Last week, I reviewed some of the pros and cons of the Whole30 program. This week, we take a deeper dive into two aspects of this popular program: identifying food sensitivities and as a way to get your diet back on track. 

By
Monica Reinagel, MS, LD/N, CNS,
Episode #421

For example, Liza wrote; “Seems like it can be a useful thing to do after the holidays, when you have eaten everything and anything, We’ve all had our good intentions go off the rails. I don’t see a problem doing this for a short period of time once or twice a year as way of getting back control.”

Yes, I think many of us know how it is to feel that we’ve over-indulged and need to get back on track.
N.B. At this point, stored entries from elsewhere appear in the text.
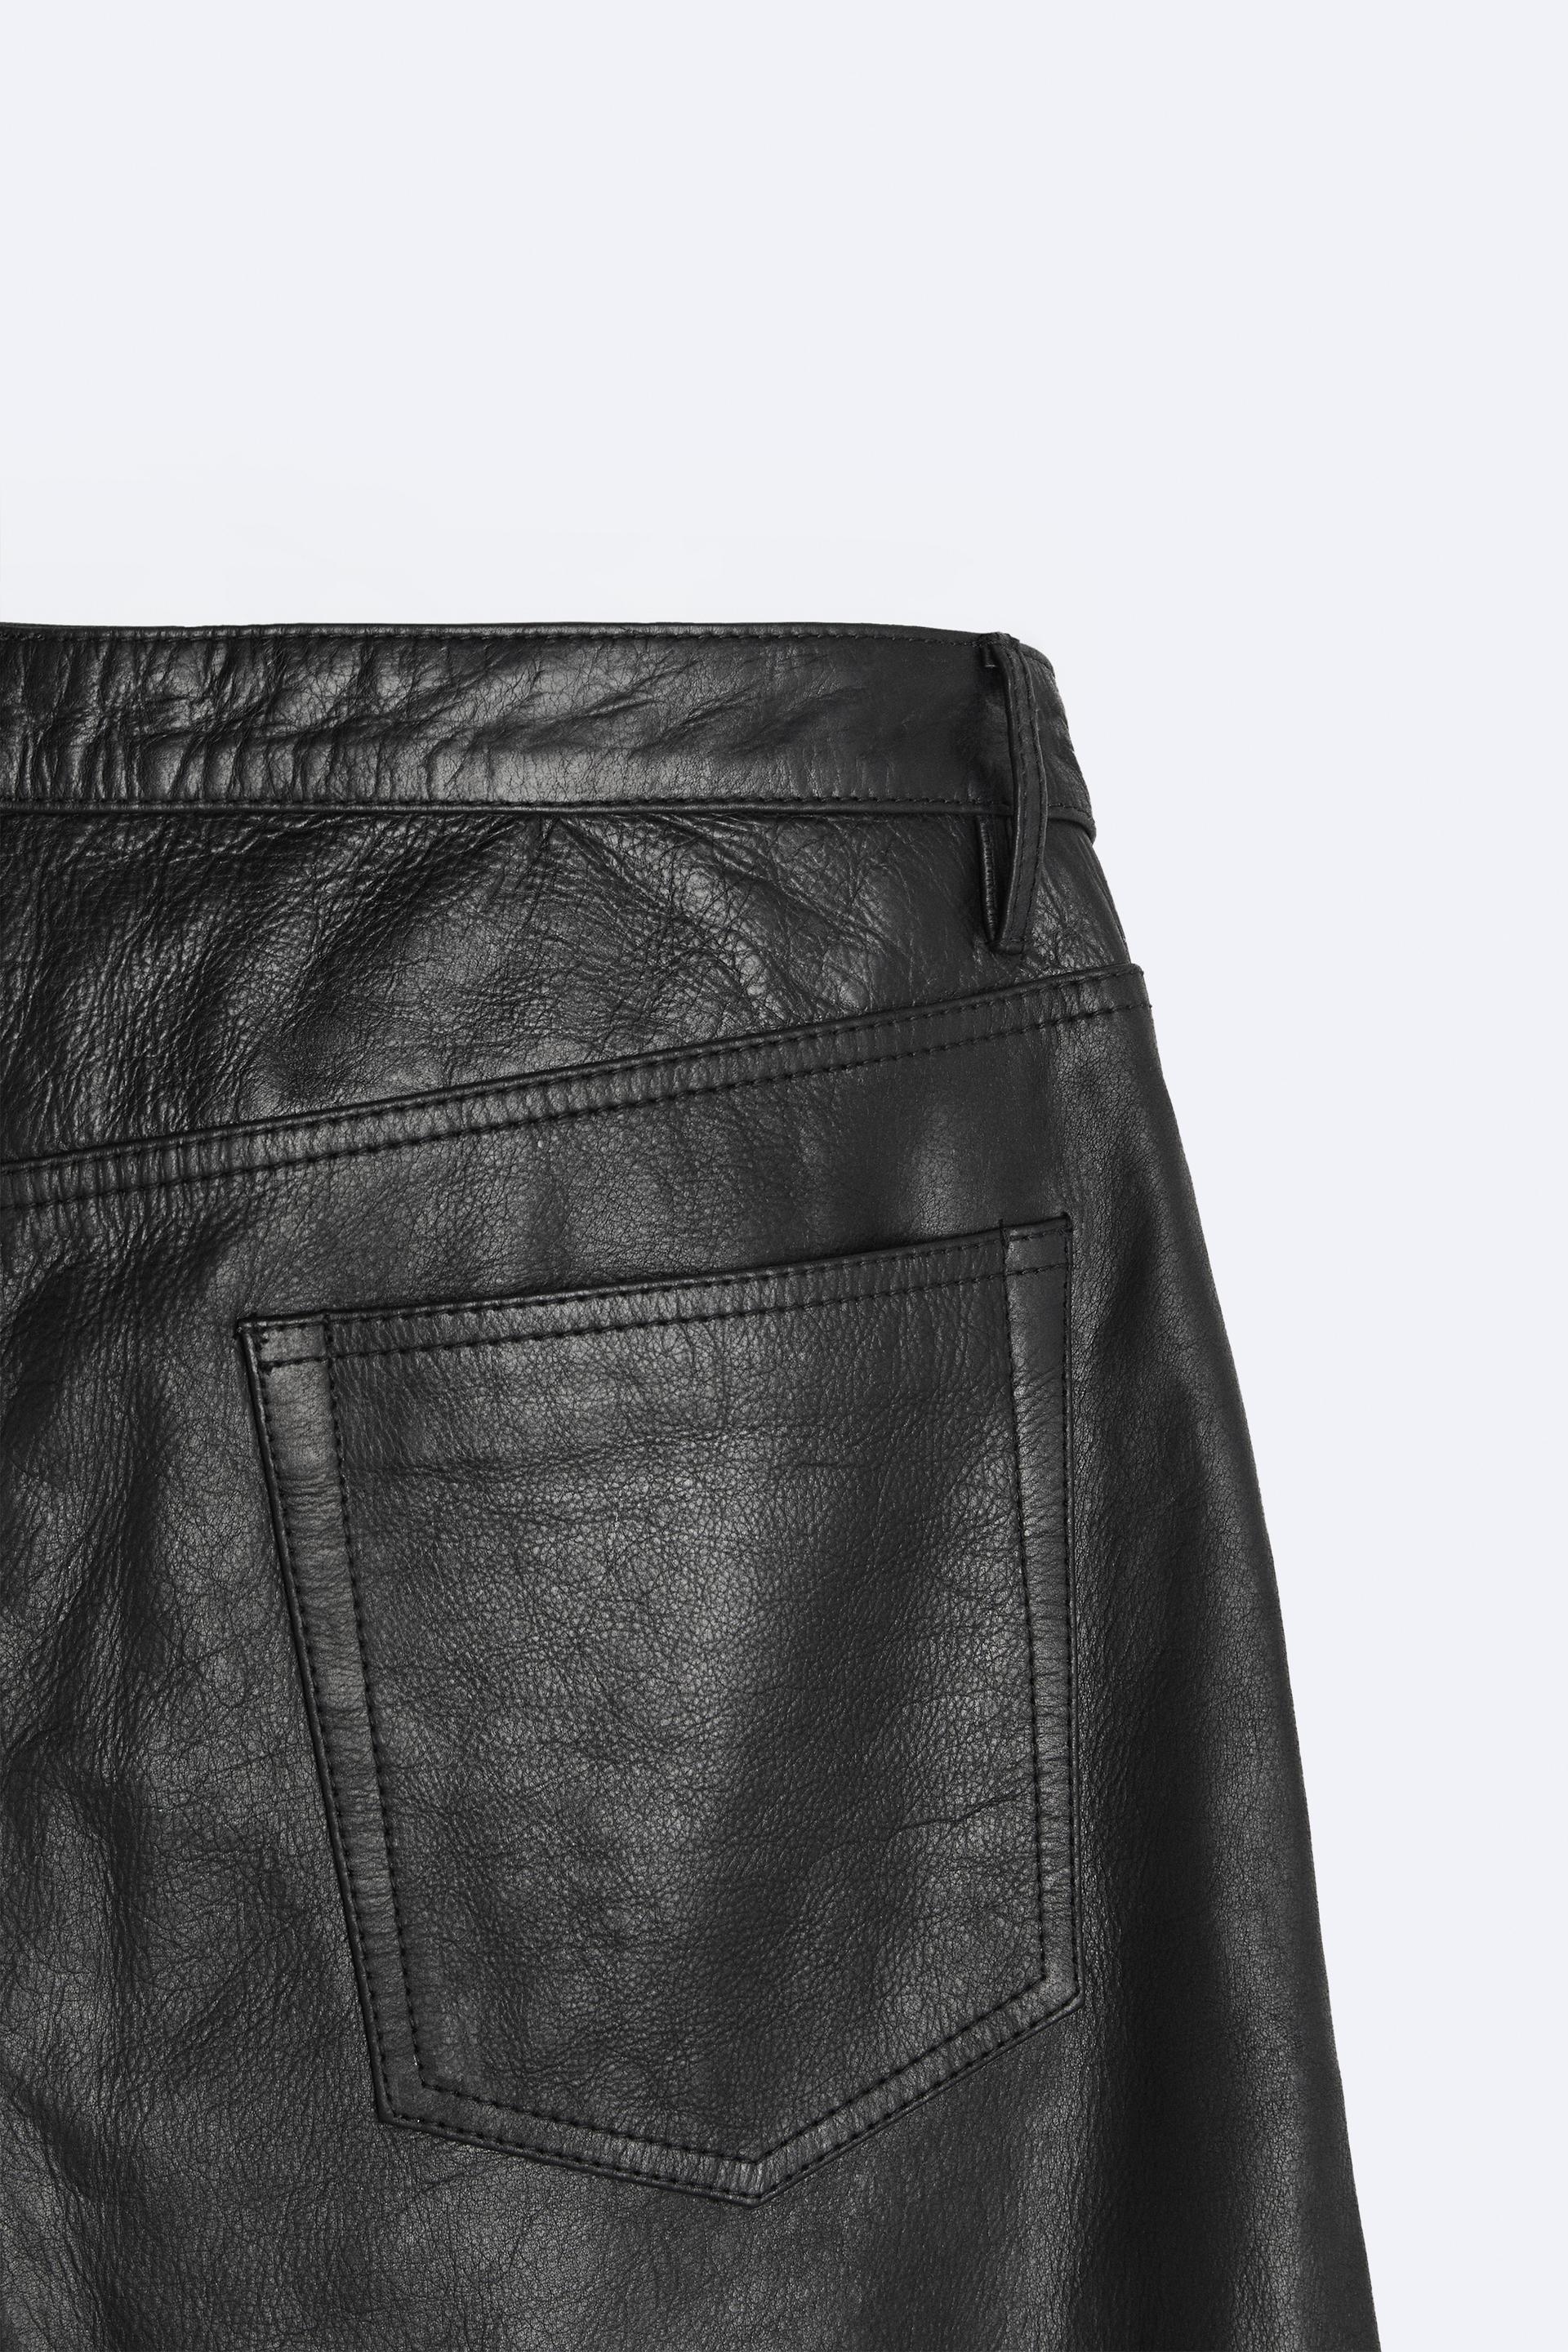 zara leather leggings #zaraleatherpants #zaraleatherleggings #leather
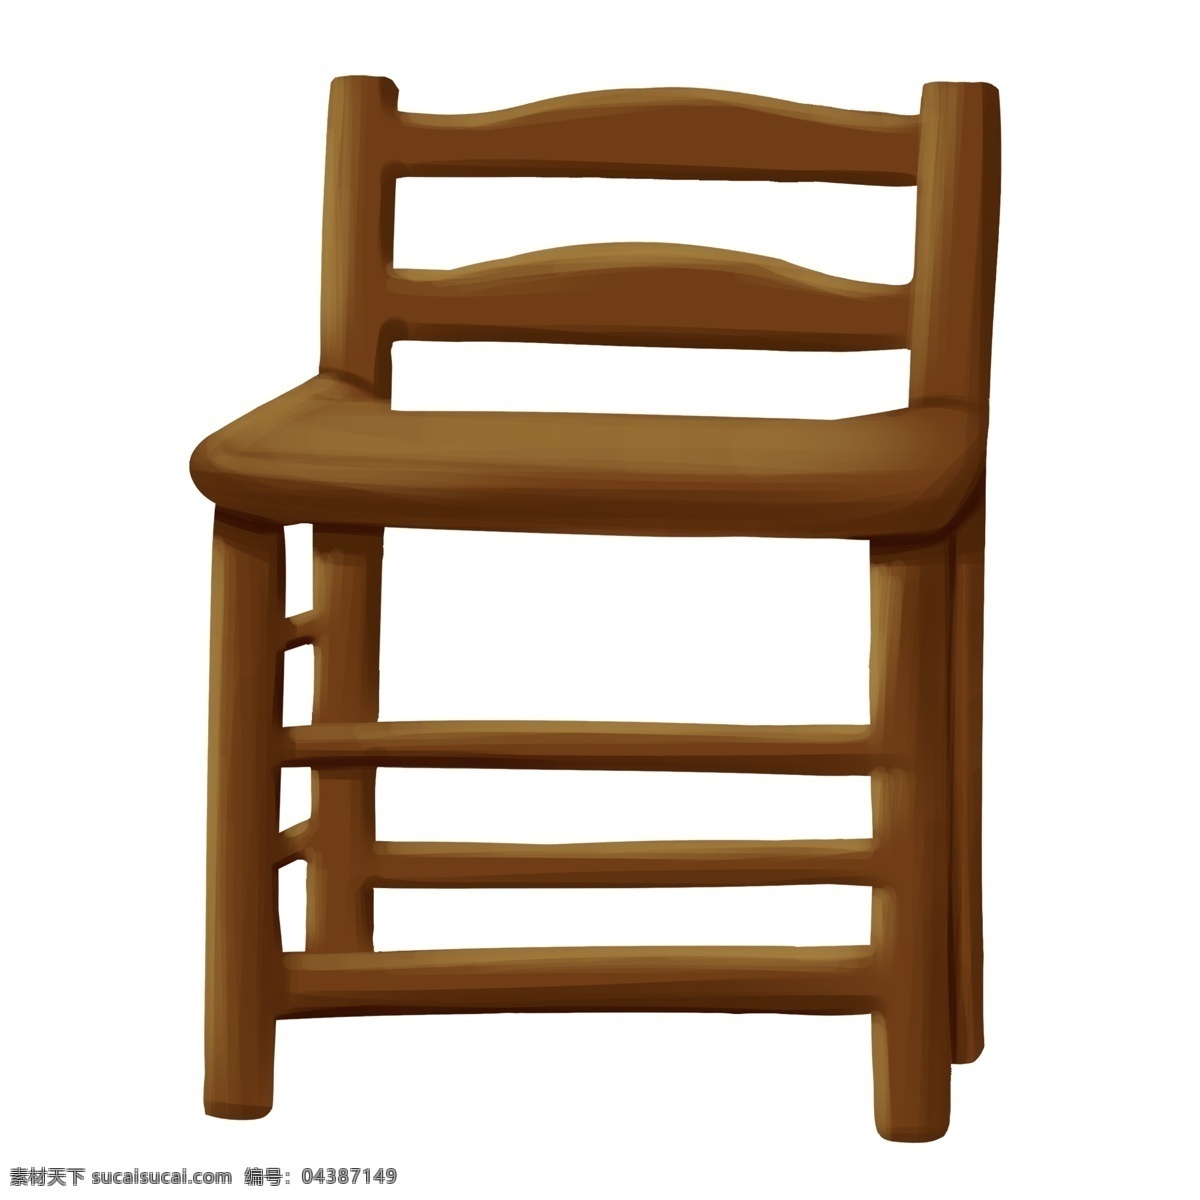 椅子 木质 卡通 家具
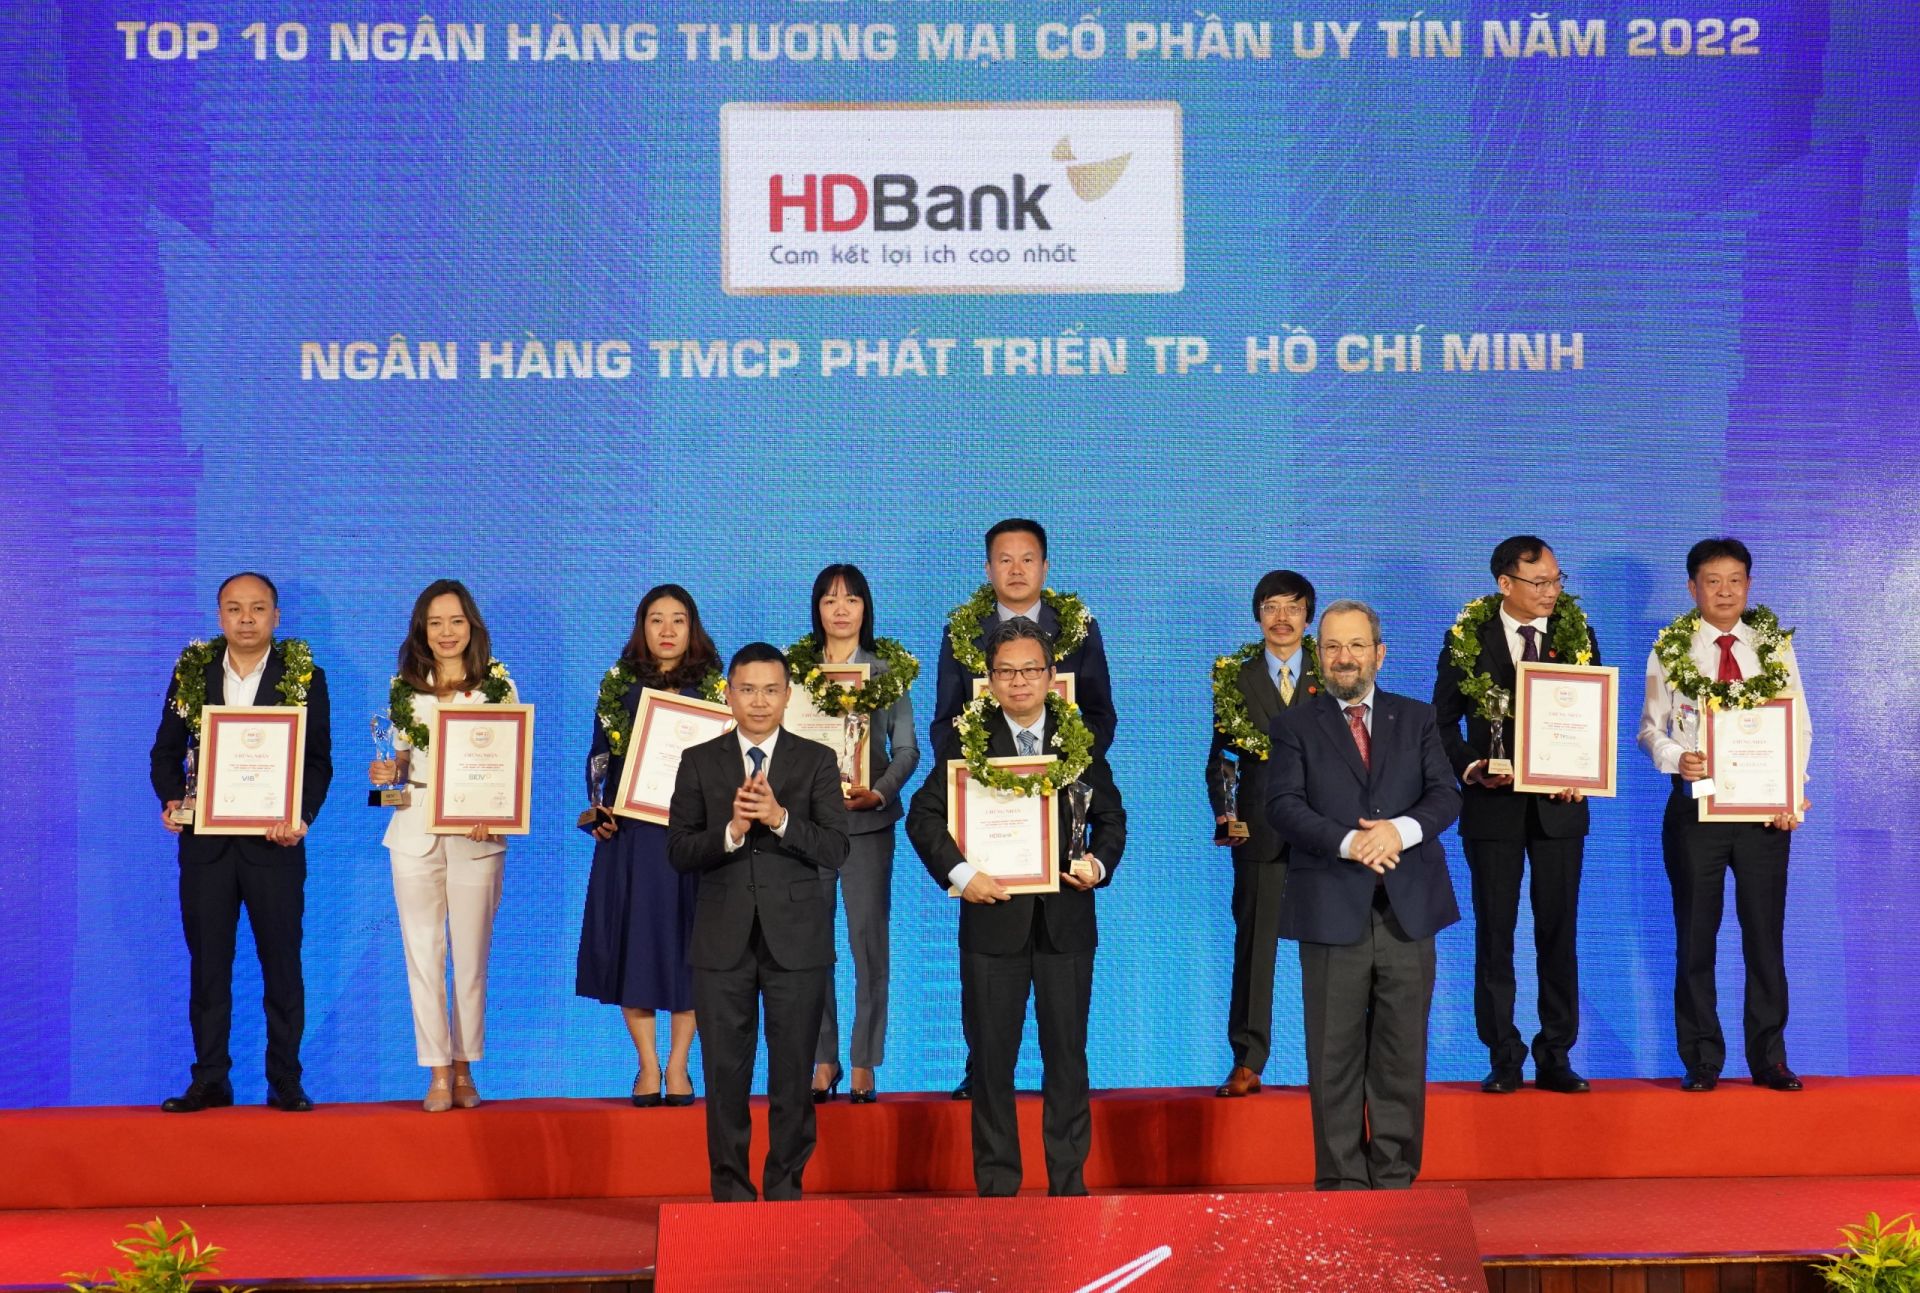 Ông Trần Hoài Phương – giám đốc Khối KHDN của HDBank (đứng giữa) đại diện Ngân hàng nhận giải Top Ngân hàng TMCP uy tín năm 2022

However, you don’t have to go to the other extreme of a highly restricted diet in order to do that. All you really have to do is stop over-indulging. The thing that makes me nervous about people using Whole30 or a similar type of program as a correction for "bad behavior" is that it can so easily set up a sort of binge and purge mentality. 

Let’s say you do the Whole30 as a sort of penance for a period of over-indulgence.  The next time you find yourself tempted to overindulge, you might also be tempted to strike a bargain with yourself:  “I know I shouldn't but after this trip/holiday/weekend, I’ll do a Whole30 to make up for it.” Having made this resolution, you might even be less restrained than you otherwise would be.

We all have good days and bad days (or weeks), but I think it’s healthier, both mentally and physically, to try to keep the ups and downs from being so extreme. Because being “really good” doesn’t always entirely undo the damage from being “really bad.” There’s a lot to be said for trying to hold the line at "not so bad," which then gives us the freedom to be content with being “pretty good.”